After qualifying Sampanthan practised law in Trincomalee.

Sampanthan joined the Illankai Tamil Arasu Kachchi's (Federal Party) in 1956. ITAK leader S. J. V. Chelvanayakam offered Sampanthan nomination in 1963 and 1970 but Sampanthan declined.

On 14 May 1972 the ITAK, All Ceylon Tamil Congress (ACTC), Ceylon Workers' Congress, Eelath Thamilar Otrumai Munnani and All Ceylon Tamil Conference formed the Tamil United Front, later renamed Tamil United Liberation Front (TULF). Sampanthan was the TULF's candidate in Trincomalee at the 1977 parliamentary election. He won the election and entered Parliament. Sampanthan and all other TULF MPs boycotted Parliament from the middle of 1983 for a number of reasons: they were under pressure from Sri Lankan Tamil militants not to stay in Parliament beyond their normal six-year term; the Sixth Amendment to the Constitution of Sri Lanka required them to swear an oath unconditionally renouncing support for a separate state; and the Black July riots in which up to 3,000 Tamils were killed by Sinhalese mobs. After three months of absence, Sampanthan forfeited his seat in Parliament on 7 September 1983. Sampanthan served as joint treasurer, vice president and general secretary of TULF.

Sampanthan was one of the ENDLF/EPRLF/TELO/TULF alliance's candidates in Trincomalee District at the 1989 parliamentary election but the alliance failed to win any seats in the district. He was one of the TULF's candidates in Trincomalee District at the 1994 parliamentary election but failed to get re-elected after coming second amongst the TULF candidates. However, he re-entered Parliament in 1997 following the assassination of A. Thangathurai on 5 July 1997. He was one of the TULF's candidates in Trincomalee District at the 2000 parliamentary election but the TULF failed to win any seats in the district.

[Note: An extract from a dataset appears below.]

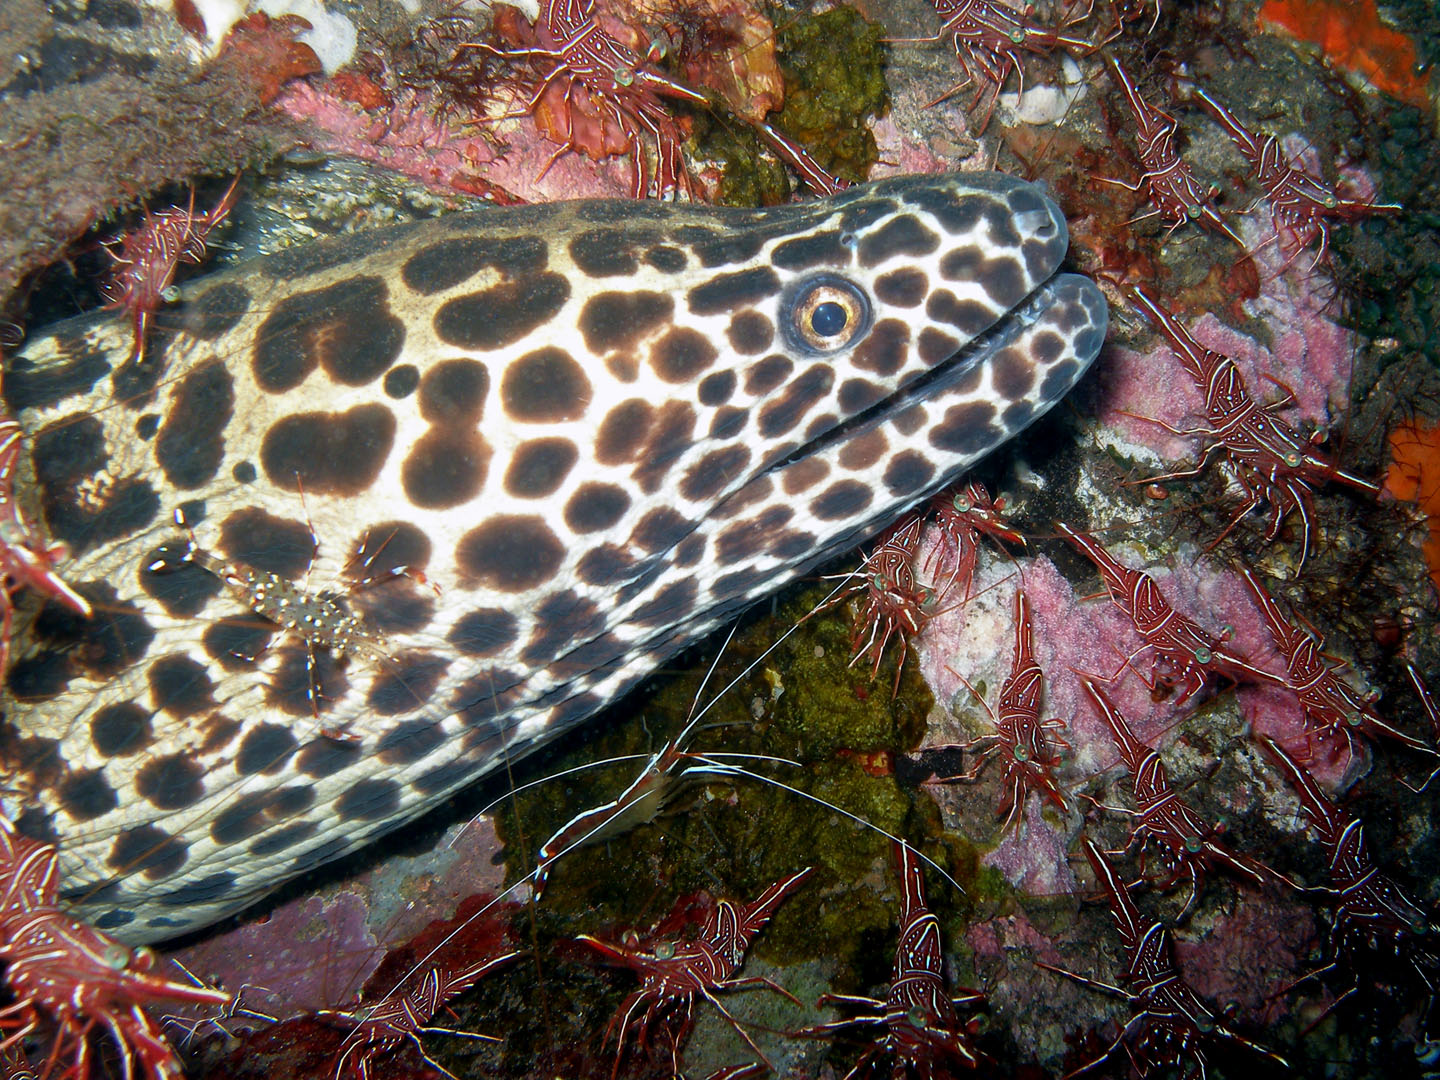 Black bloched  moray and coral shrimps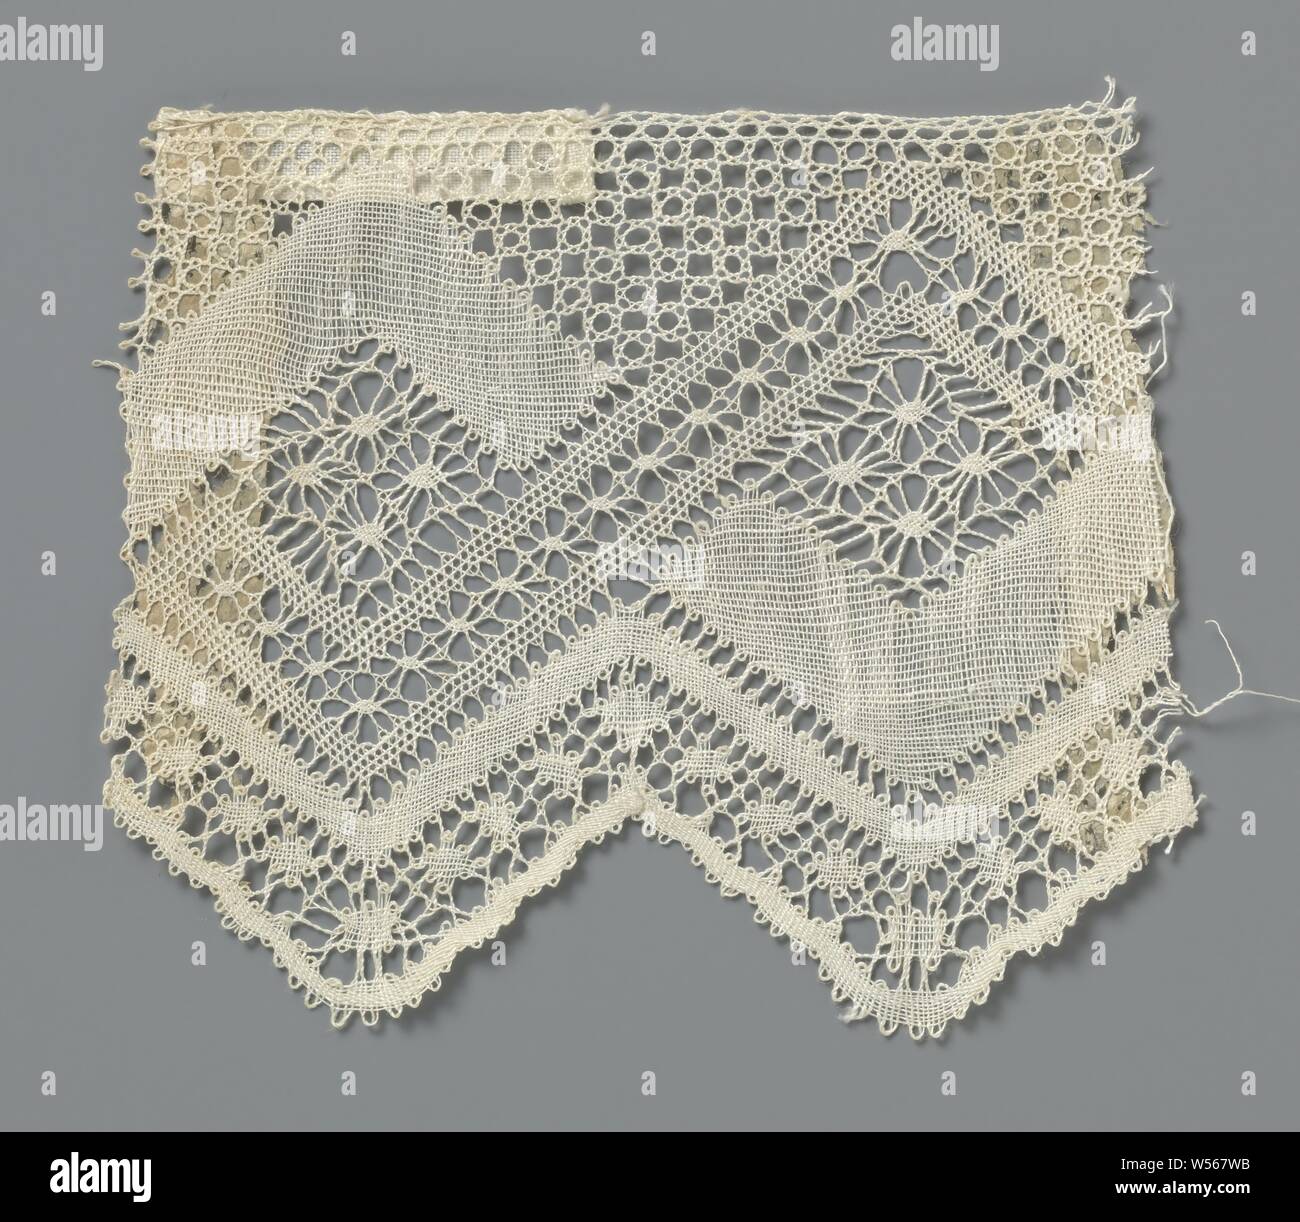 Strip of spool lace with diamonds between double zigzag band, Natural spool of lace strip, lace. The pattern consists of intersecting bands that cross the strip with a zigzag movement, creating diamonds and triangles. One band is made in densely worked linen stroke, the over-cutting decorative band is made in net stroke with snowflakes in between. Immediately below, two narrower and continuous zigzag webs with larger snowflakes in between form the triangular scallops along the underside of the strip. The zigzag webs are connected to each other along the top of the strip by a mesh ground. Stock Photo

On 20 October 2001 the ACTC, Eelam People's Revolutionary Liberation Front, Tamil Eelam Liberation Organization and TULF formed the Tamil National Alliance (TNA). Sampanthan became the leader of the TNA. Sampanthan contested the 2001 parliamentary election as one of the TNA's candidates in Trincomalee District. He was elected and re-entered Parliament.

Soon after its formation the TNA began to make a more pro-Tamil Tiger stance, recognising the Tigers as the sole representative of the Sri Lankan Tamils. This caused a split within the TULF. Some members of the TULF, led by its president V. Anandasangaree, were opposed to the Tigers. Anandasangaree refused to allow the TNA to use the TULF name during the 2004 parliamentary election. This caused the members of TULF who wished to remain with the TNA, led by Sampanthan, to resurrect the Illankai Tamil Arasu Kachchi political party. Sampanthan became the leader of ITAK.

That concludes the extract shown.